At the arraignment, Assistant U.S. Attorney David Anders told the judge the investigation into WorldCom's accounting scandal is continuing.

"We do plan to supersede at some point to add charges to the same scheme and to potentially add defendants," he said.

Mr. Sullivan, 40 years old, of Boca Raton, Fla., was arrested in early August and indicted last week along with Buford Yates Jr., a former WorldCom accounting executive, on charges that they conspired to mask massive losses at the company for more than a year.

Mr. Yates, 46, of Brandon, Miss., also pleaded not guilty at Wednesday's hearing.

After the hearing, Mr. Sullivan, accompanied by his wife Carla, left the courthouse without speaking to a crowd of reporters and photographers gathered outside.

His attorney, Irv Nathan, who last month called the charges a "rush to judgment" on the government's part, declined to comment.

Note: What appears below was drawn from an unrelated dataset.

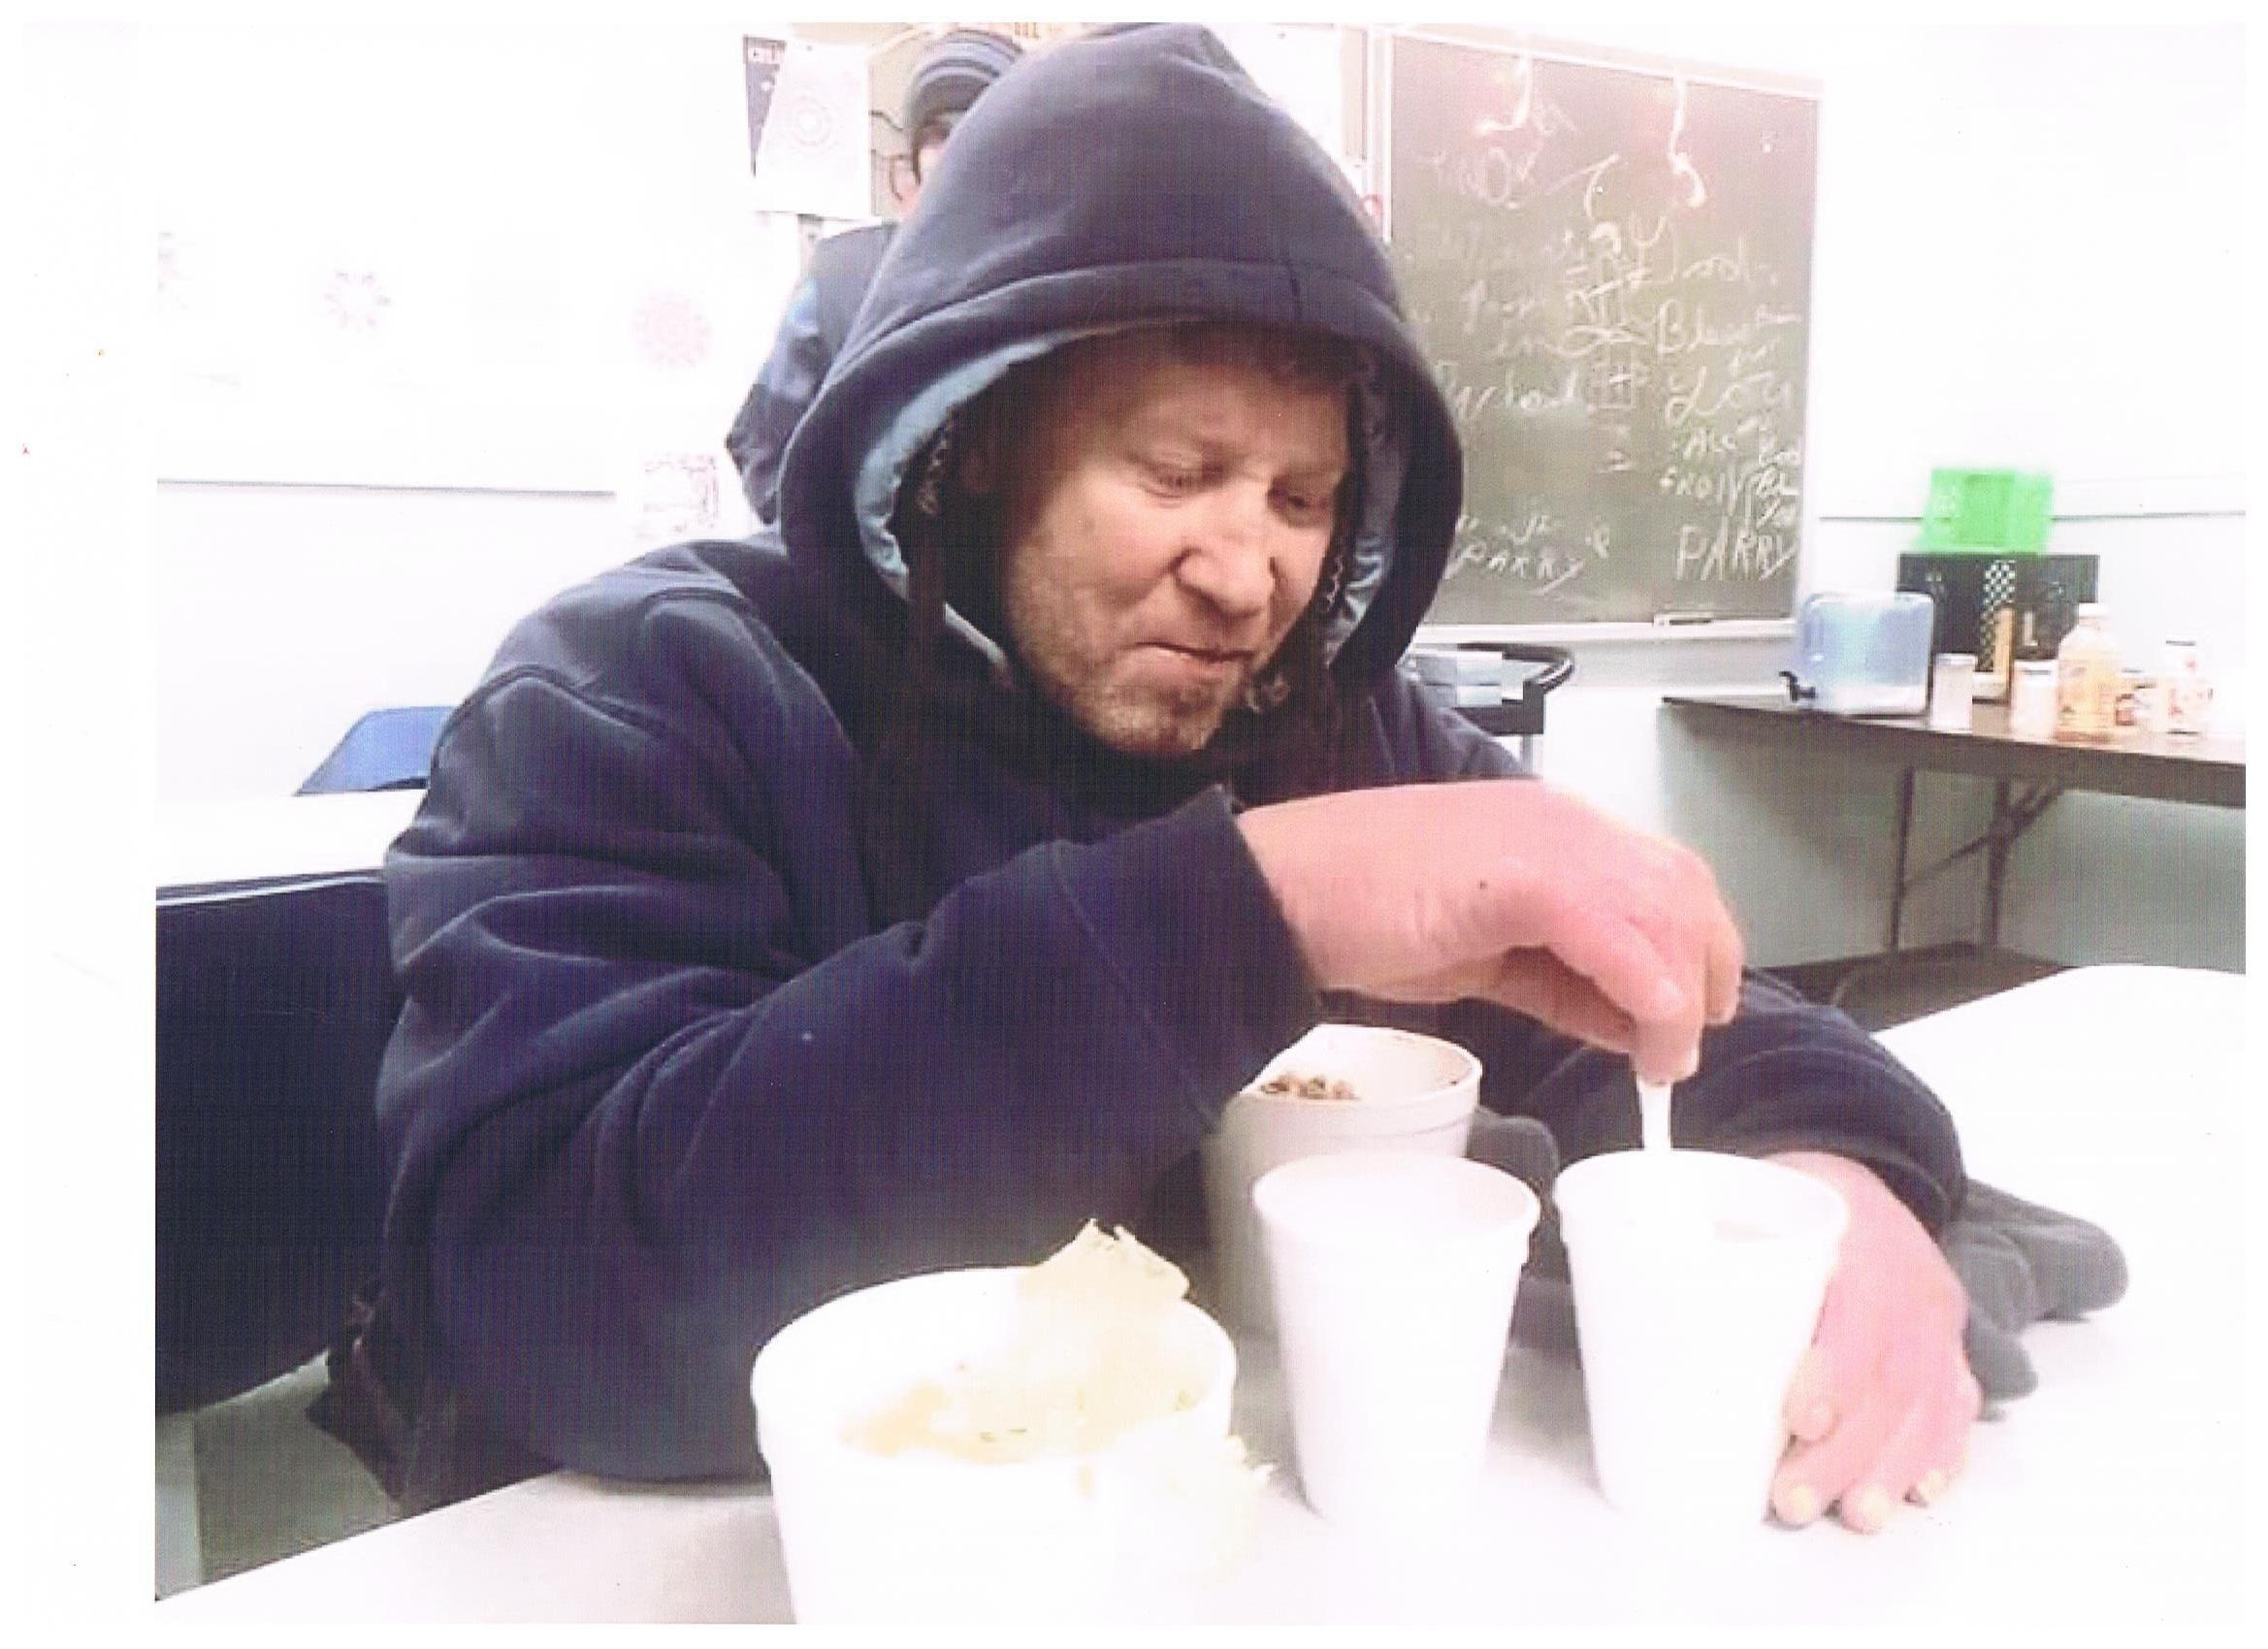 Windsor Man Missing Since June

Mr. Yates' attorney, David Schertler, said he plans to ask the court to transfer the case to the Southern District of Mississippi, near his client's home.

When asked if Mr. Yates plans to fight the charges, Mr. Schertler said he is still reviewing the indictment and considering options.

Three others have been implicated in the scheme, including David Myers, the company's former controller. Prosecutors noted in a court filing Tuesday that he is negotiating a plea bargain to last month's criminal charges.

The government has indicated that Betty Vinson and Troy Normand, who served in lower-level posts at the company, are cooperating and will potentially plead guilty in the case.

WorldCom, Clinton, Miss., disclosed in June that it hid $3.8 billion in expenses and falsely posted profits over a five-quarter period beginning in early 2000.

The company, which has since filed the largest bankruptcy in history, later expanded its planned financial restatement to $7.2 billion.